The bolded statement is mind-blowing, really. (Not to mention that picture with David Stern on draft night!)

Are we underestimating what Joakim's gonna be able to do this year for the Bulls?

And what is Chicago's position toward Joakim playing for the French? Gar recently said point blank -- it is his decision, we cannot stop him, but he knows how important the upcoming season is and is committed to being ready. On the other hand, you get this stuff from Europe indicating that the Bulls are playing hardball trying to keep Noah off the team. And Doug has some tidbit on chicagonow saying that this is the case, as well (Again, from Europe). Personally, I don't believe it. But there's a lot of smoke, so who knows?

I don't know that I even care one way or the other. The real issue is, are we going to have a legitimate center and center rotation (including Miller) this year? That will make a huge difference in the performance of this team, I think. 

What say you?


----------



## jnrjr79 (Apr 18, 2003)

As somewhat of a stiff, I actually like the idea of Noah playing Euro ball.

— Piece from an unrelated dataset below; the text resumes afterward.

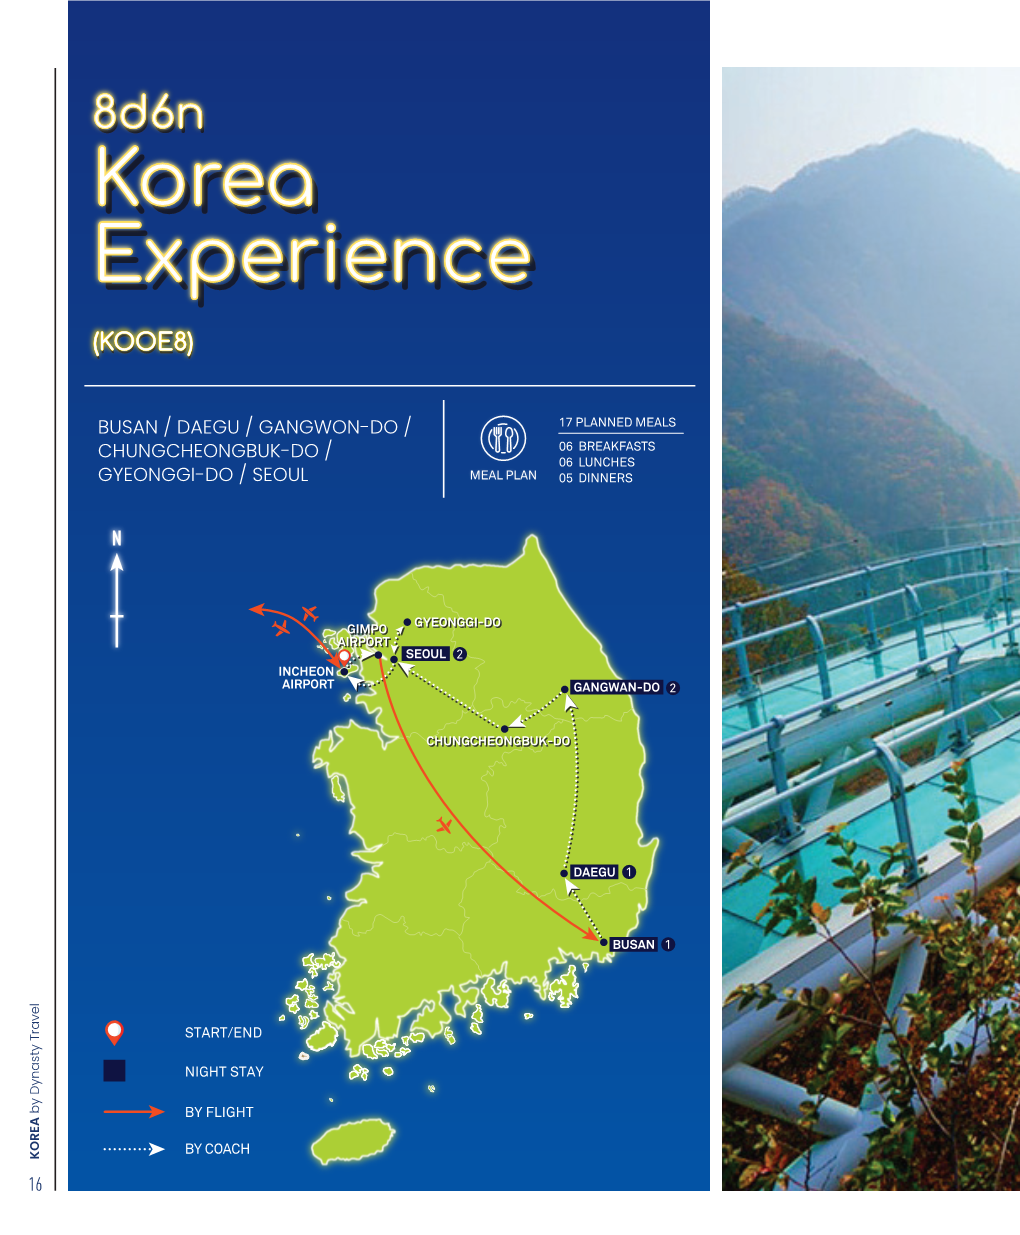 Korea Experience Korea Experience Korea Experience

I also really, really like Noah as a player. I think he's vastly underrated by many. He defends. He rebounds. He passes well. He has above-average handle. The only real downside is his unpolished shot and post-up moves. However, unlike a lot of players with similar flaws, Noah understands who he is and plays within himself. That's hugely important. I can easily see the guy holding down the starting 5 spot for the next 10 years if he isn't traded away in some consolidation move.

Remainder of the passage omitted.